Wells Fargo (NYSE:WFC) reported second-quarter earnings this morning that beat analyst estimates on the bottom line, but came up short on the top line. The bank's shares are down more than 1% on the news in intraday trading.

If you look at Wells Fargo's bottom line, you may be surprised by the market's reaction. For the three months ended June 30, the California-based bank earned $1.07 per share. That was up from $1.01 in the year-ago quarter, and also came in above the $1.01 per-share consensus estimate among analysts.

"Second quarter 2017 results demonstrated the benefit of our diversified business model as we continued to generate strong financial results, invest for the future, and adhere to our prudent risk discipline," said CEO Tim Sloan in prepared remarks. "We remain committed to reducing expenses and improving the efficiency of our company, and we are very focused on our recently announced goals."

Wells Fargo's earnings were fueled by an increase in net interest income. This reflects how much a bank earns from its portfolio of interest-earning assets, net of funding costs. For the quarter, Wells Fargo's net interest income climbed 6%, or $750 million, compared to the year-ago period.

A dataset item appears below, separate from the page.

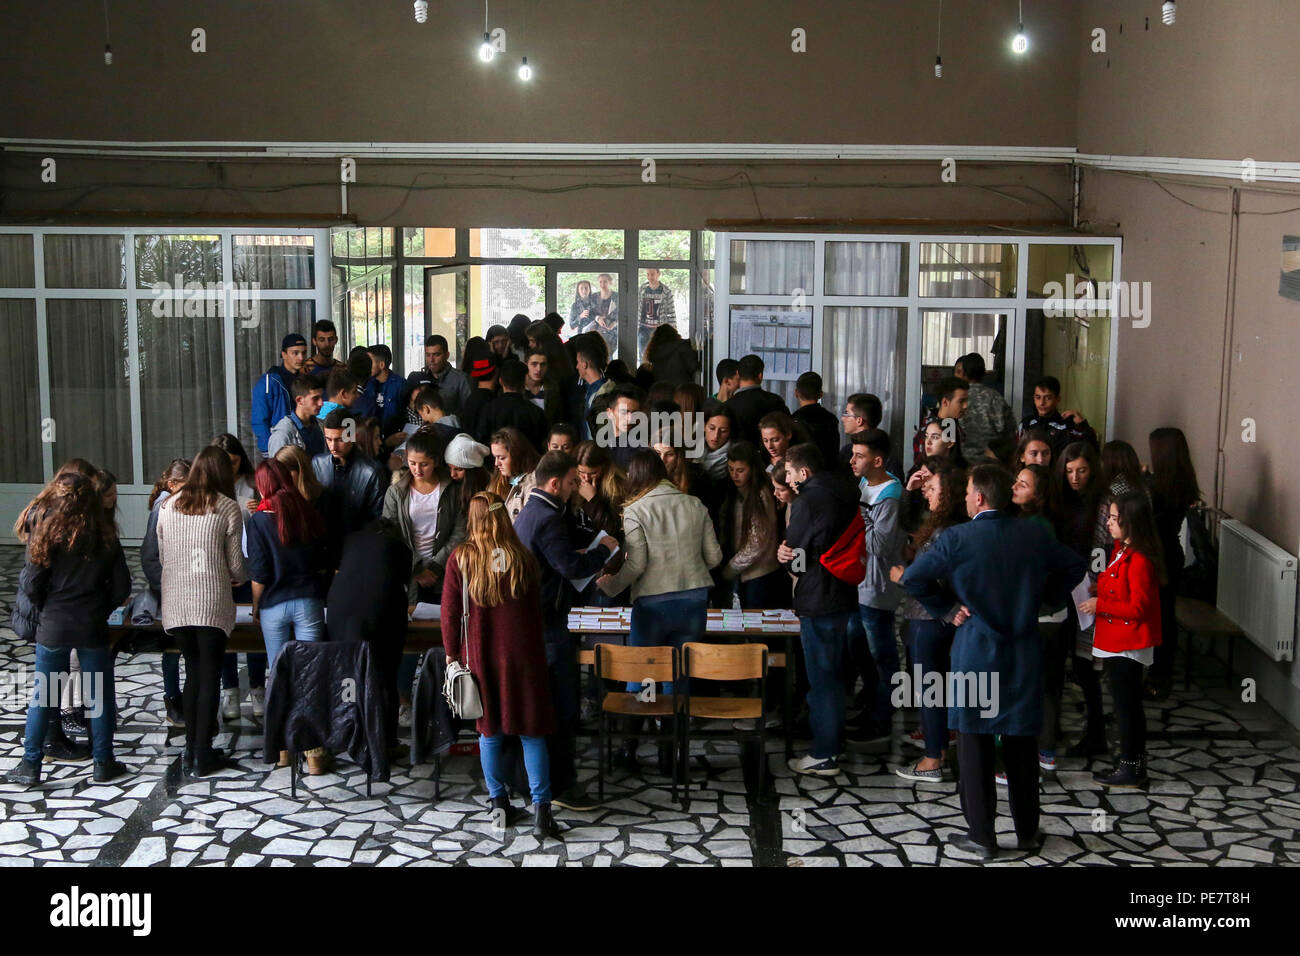 Students fill the foyer of a school in Kacanik, Kosovo, waiting to register and sign in for an Oct. 17, 2015, Violence Free Future tolerance event hosted by the Rotary Club out of Pristina, Kosovo. More than 100 students attended the event, which included a question-and-answer panel about discrimination, a speaker who talked about leadership and respect for others within the community, and a session of sports-like games that mimicked life situations dealing with stereotypes. (U.S. Army photo by Staff Sgt. Mary Junell, Multinational Battle Group-East) Stock Photo

Another positive note concerned Wells Fargo's credit costs. Banks stash money away every quarter in anticipation of future loan losses. They do so by way of loan-loss provisions, which essentially act like an expense insofar as earnings are concerned. It's this figure that declined in Wells Fargo's latest quarter, falling by nearly half over the past year. In the second quarter of 2016, the bank recorded a $1 billion provision. That fell to $555 million in the second quarter of this year.

Wells Fargo branch sign.

Image source: The Motley Fool.

Yet, despite these trends, Wells Fargo's revenue nevertheless came in below analyst expectations. KBW's Brian Kleinhanzl anticipated operating revenues of $22.7 billion, which was meaningfully higher than the actual result of $22.2 billion.

Wells Fargo's noninterest income is principally to blame for the top-line miss. All told, revenue from its fee-based businesses fell 7% in the quarter, or $743 million, on a year-over-year basis. Within this category, the principal culprit was a 19% drop in mortgage-banking income.

Stalling loan growth also played a role in suppressing Wells Fargo's top line. If you compare the bank's aggregate loan portfolio at the end of the first quarter to the end of the second quarter, the figure actually declined by 1%, or approximately $10 billion. This is worth noting, not just because of its impact on Wells Fargo, but also because of the role that credit expansion plays in economic growth -- without the former, one shouldn't expect the latter.

Finally, Wells Fargo continues to see its expense base increase in the wake of its fake-account scandal. Total noninterest expenses were up $675 million, spread across a number of line items. The one that's most notable is a 34% uptick in expenses for outside professional services, related, in part, to higher legal expenses stemming from allegations that Wells Fargo employees fraudulently opened millions of accounts for customers without their knowledge in order to boost the bank's cross-sale ratio.

In sum, it was a mixed quarter for Wells Fargo. While shareholders of the nation's third-biggest bank by assets might have wished for more, particularly in terms of revenue, the bank's performance was solid, offering no reason to change one's investment thesis with respect to its stock.